Selain itu, langit yang cenderung cerah pada musim kemarau membuat panas yang tersimpan di permukaan Bumi lebih cepat dilepaskan ke atmosfer saat malam hari. Kondisi inilah yang membuat udara menjadi lebih dingin ketika menjelang pagi. Fenomena tersebut merupakan proses meteorologi yang normal dan tidak memiliki kaitan langsung dengan aphelion.
Sejumlah astronom juga menjelaskan bahwa perubahan musim di Bumi tidak ditentukan oleh jarak Bumi terhadap Matahari. Sebaliknya, musim terjadi karena kemiringan sumbu rotasi Bumi sekitar 23,5 derajat. Oleh sebab itu, ketika Bumi berada pada posisi aphelion, belahan Bumi utara justru sedang mengalami musim panas, sedangkan belahan Bumi selatan memasuki musim dingin.
Fakta tersebut menunjukkan bahwa kedekatan atau jauhnya posisi Bumi dari Matahari bukan faktor utama yang menentukan suhu udara di suatu wilayah. Bahkan, secara ilmiah intensitas energi Matahari yang diterima Bumi saat aphelion hanya sedikit berkurang dan tidak cukup besar untuk memicu perubahan suhu secara drastis.
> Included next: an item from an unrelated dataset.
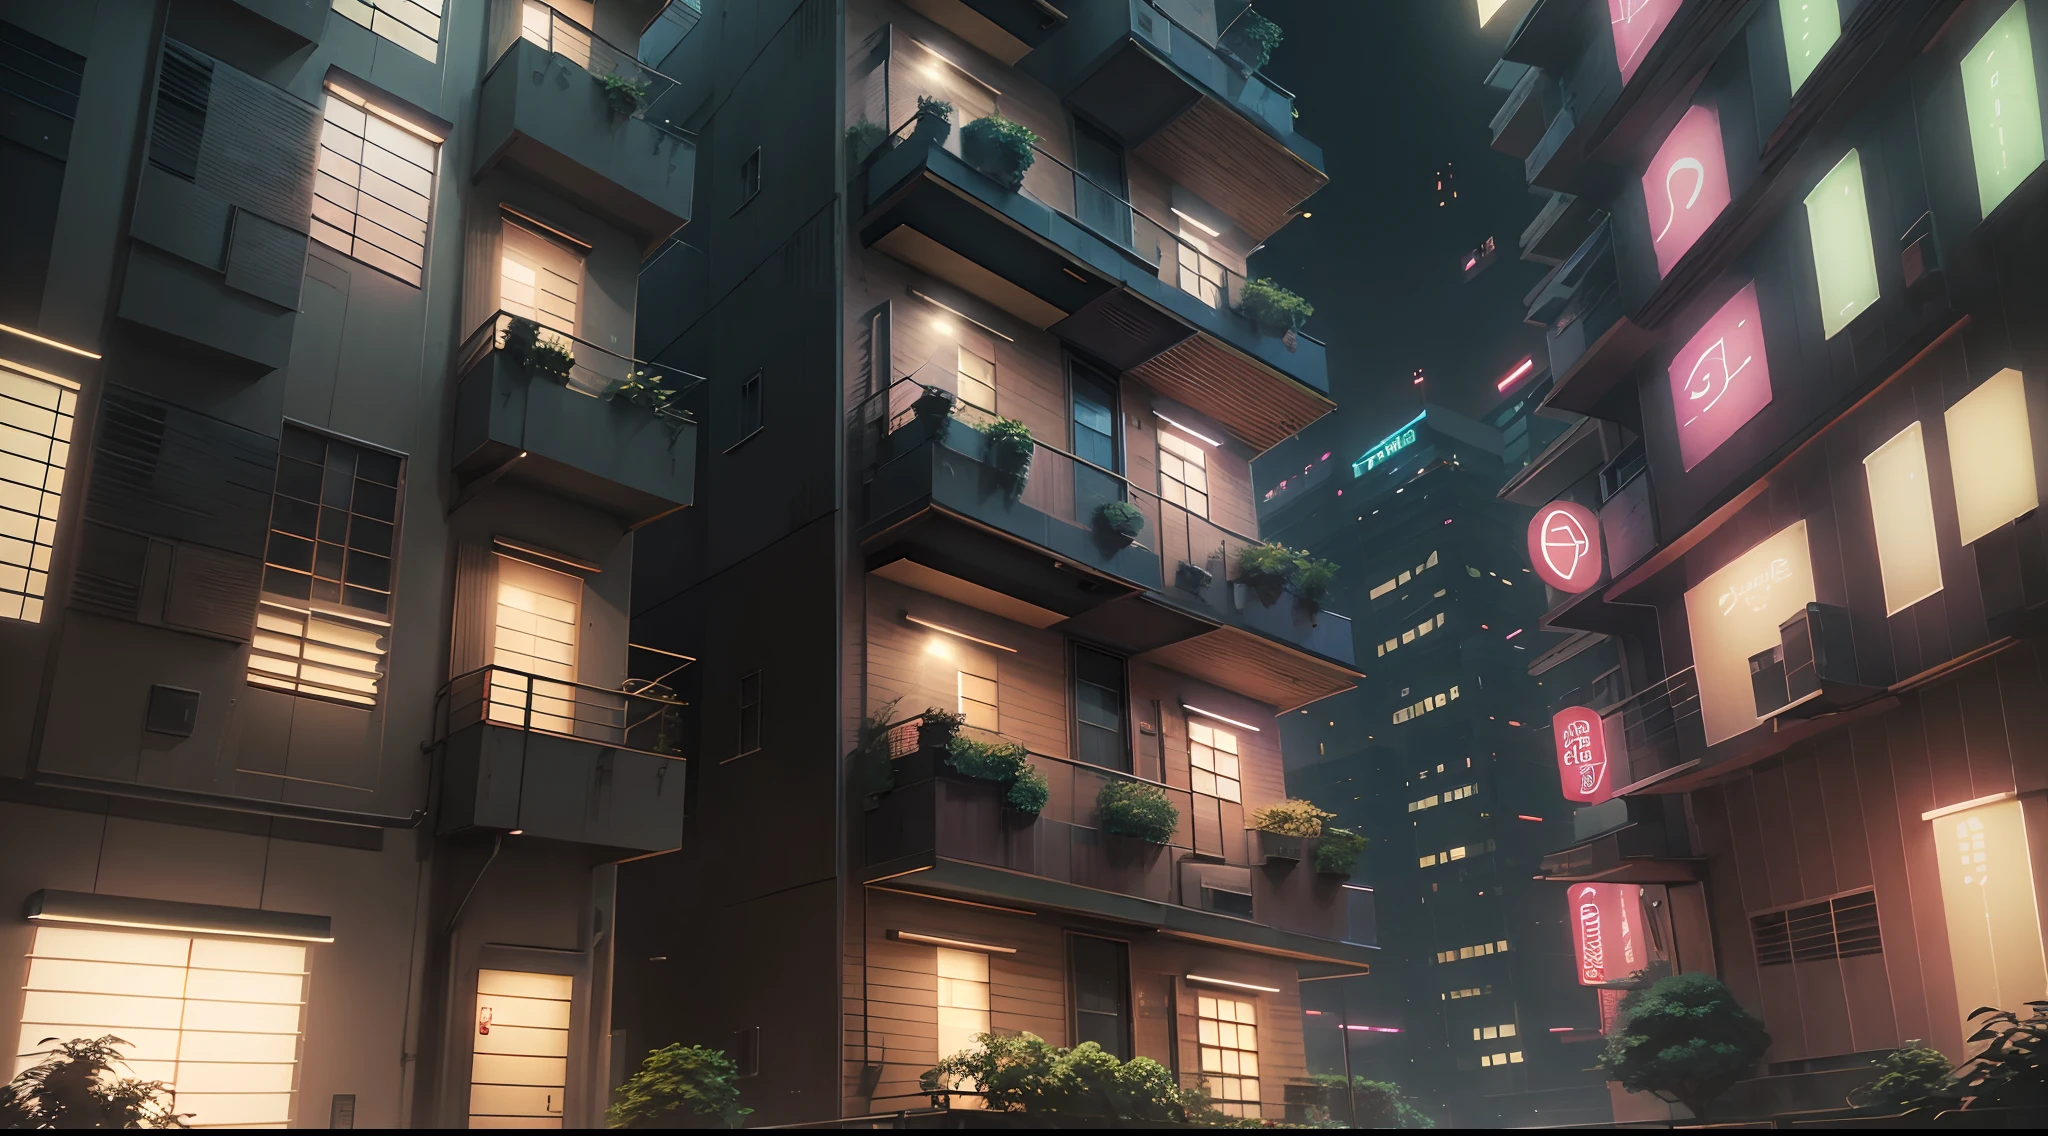 日本市中心的一套公寓, 面对建筑物, 城市街道周围的绿化, 高的建筑, 症状, 暖灯, 表示非常特殊的公寓. (最好的质量,4k,8千,高分辨率,杰作:1.2), 极其详细, (实际的,photo实际的,photo-实际的:1.37), 人类发展报告, 超高清, 清晰聚焦, 专业的, 鲜艳的颜色, 景观, 日本动画片, 摄影, (现代的, 传统的) 风格, (冷静的, 丰富多彩的) 调色板, (环境舒缓) 灯光, 非常适合缩略图

BMKG juga mengingatkan masyarakat agar tidak mudah mempercayai informasi yang beredar tanpa sumber yang jelas. Setiap tahun, informasi serupa kembali muncul dan kerap menimbulkan kesalahpahaman di tengah masyarakat. Padahal hingga saat ini tidak ada penelitian ilmiah yang menyatakan bahwa aphelion dapat menyebabkan wabah penyakit ataupun cuaca ekstrem.
Di sisi lain, para pakar kesehatan menjelaskan bahwa meningkatnya kasus flu, batuk, atau infeksi saluran pernapasan selama musim kemarau lebih dipengaruhi oleh kondisi udara yang lebih kering, perubahan suhu antara siang dan malam, serta daya tahan tubuh masing-masing individu. Faktor-faktor tersebut tidak berkaitan dengan posisi Bumi terhadap Matahari.
Ramainya pembahasan mengenai aphelion juga menunjukkan tingginya minat masyarakat terhadap fenomena astronomi. Meski demikian, para ahli mengimbau agar setiap informasi yang diterima melalui media sosial terlebih dahulu diverifikasi melalui sumber resmi seperti BMKG, lembaga astronomi, maupun institusi ilmiah lainnya agar tidak mudah terjebak informasi yang menyesatkan.
Masyarakat tetap dianjurkan menjaga kesehatan selama musim kemarau dengan mengonsumsi makanan bergizi, memperbanyak minum air putih, menggunakan pakaian yang sesuai ketika suhu udara terasa lebih dingin pada malam atau pagi hari, serta menjaga kebugaran tubuh melalui pola hidup sehat.
Fenomena aphelion merupakan salah satu peristiwa astronomi yang menarik untuk dipelajari, namun tidak perlu disikapi dengan kekhawatiran berlebihan. Edukasi berbasis sains menjadi langkah penting untuk meningkatkan literasi masyarakat sehingga informasi yang beredar di ruang digital dapat dipahami secara benar dan tidak menimbulkan kepanikan yang tidak perlu.